教育・子育て

県松本盲学校の清水冴恭さん 弁論全国大会に出場へ

関東甲信越大会で優勝した清水さん(右)と指導した下島教諭

 県松本盲学校高等部普通科3年・清水冴恭さん(17)は、このほど開かれた関東甲信越地区盲学校弁論大会で優勝し、全国大会への出場を決めた。中等部の頃に経験した祖母との死別を転機に成長してきた歩みを堂々と語り、高評価を得た。同校では22年ぶりの快挙となる大舞台に向け、内容や話術に磨きをかけている。

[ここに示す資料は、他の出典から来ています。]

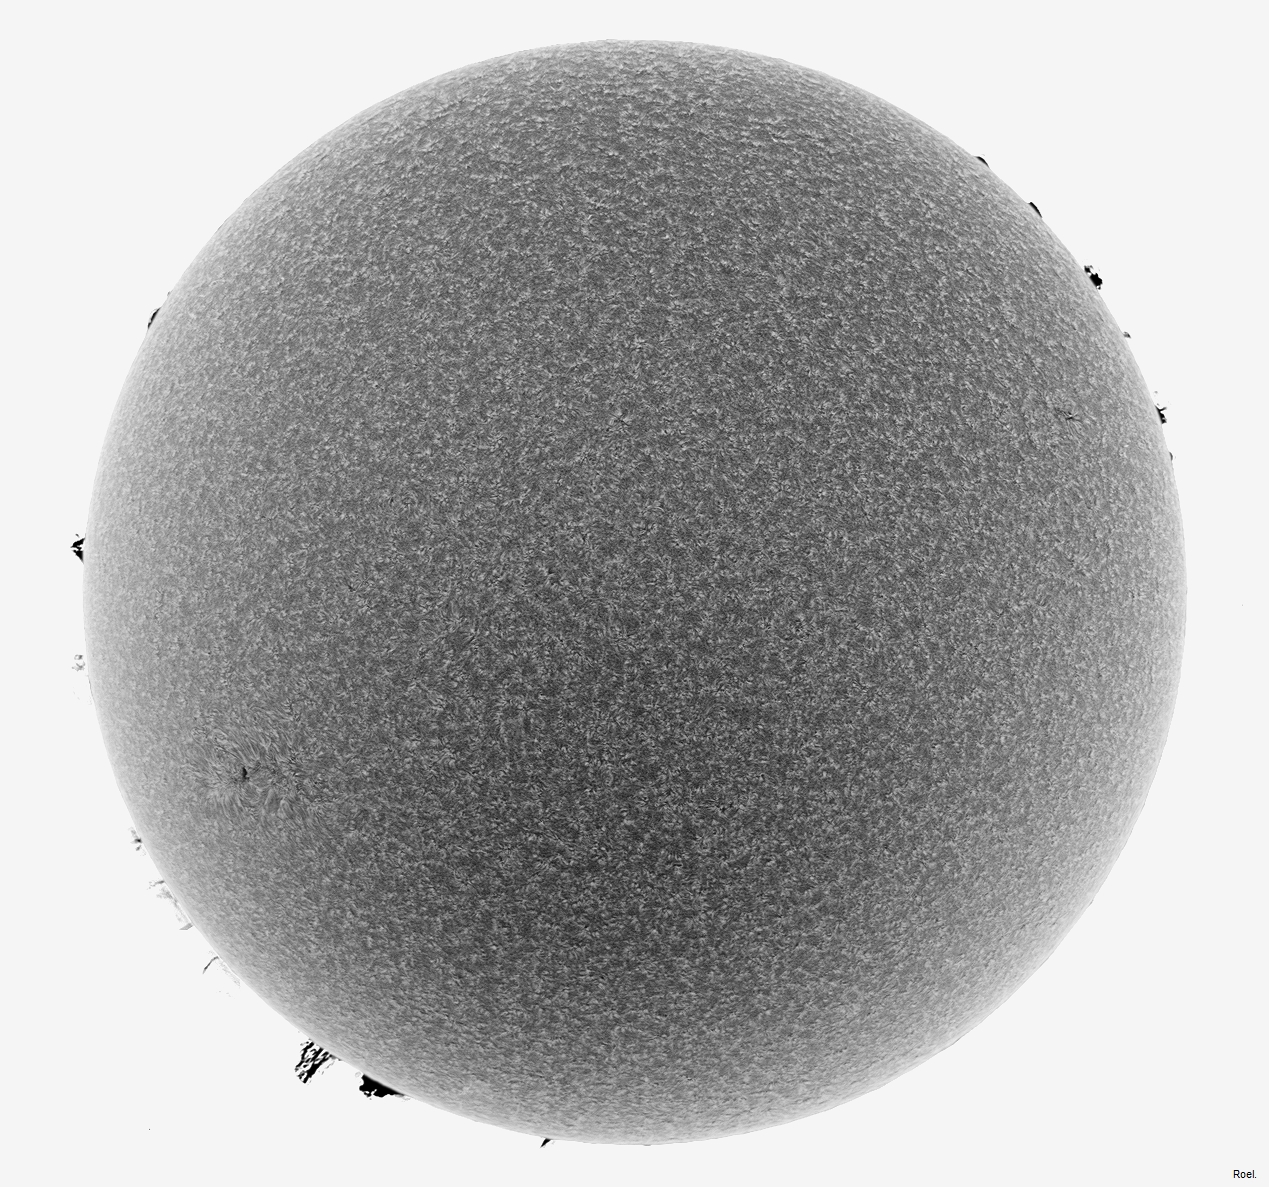 Sol del 31 de julio de 2018-Solarmax 90-DS-BF30-2neg.jpg

 清水さんは生まれたときに緑内障と診断され、弱視がある。弁論は「おばあちゃんに感謝」と題し、幼い頃から過保護に感じるほど世話をしてくれ、3年前に突然他界した祖母への感謝や後悔などを素直に表した。
 障害に関係なくさまざまなことができる姿を見せたかったものの、祖母に心配されてできずにうらめしくも思っていた複雑な心境を明かし、今はできることを積極的に意思表示するようになったと紹介。障害者の視点で暮らしやすい社会づくりに貢献したいと松本大学への進学を希望しており、自立して生活する姿を家族に見せることが夢だとした。
 5月の校内選考で代表となり、国語の下島優作教諭(32)の指導で伝わりやすい言葉を選び、めりはりを付けた話し方を試行錯誤してきた。12人が出場した関東甲信越大会ではレベルの高さに圧倒されつつも、共感する内容が多かったという。祖母は「客席で見てくれていたかな」と感じた。
 清水さんは「本当に頑張ってきたので、報われてうれしい」と喜び、10月に秋田市で開かれる全国大会に向け「見合う発表ができるよう準備したい。自分の思いがより多くの人に伝わればうれしい」と意気込んでいる。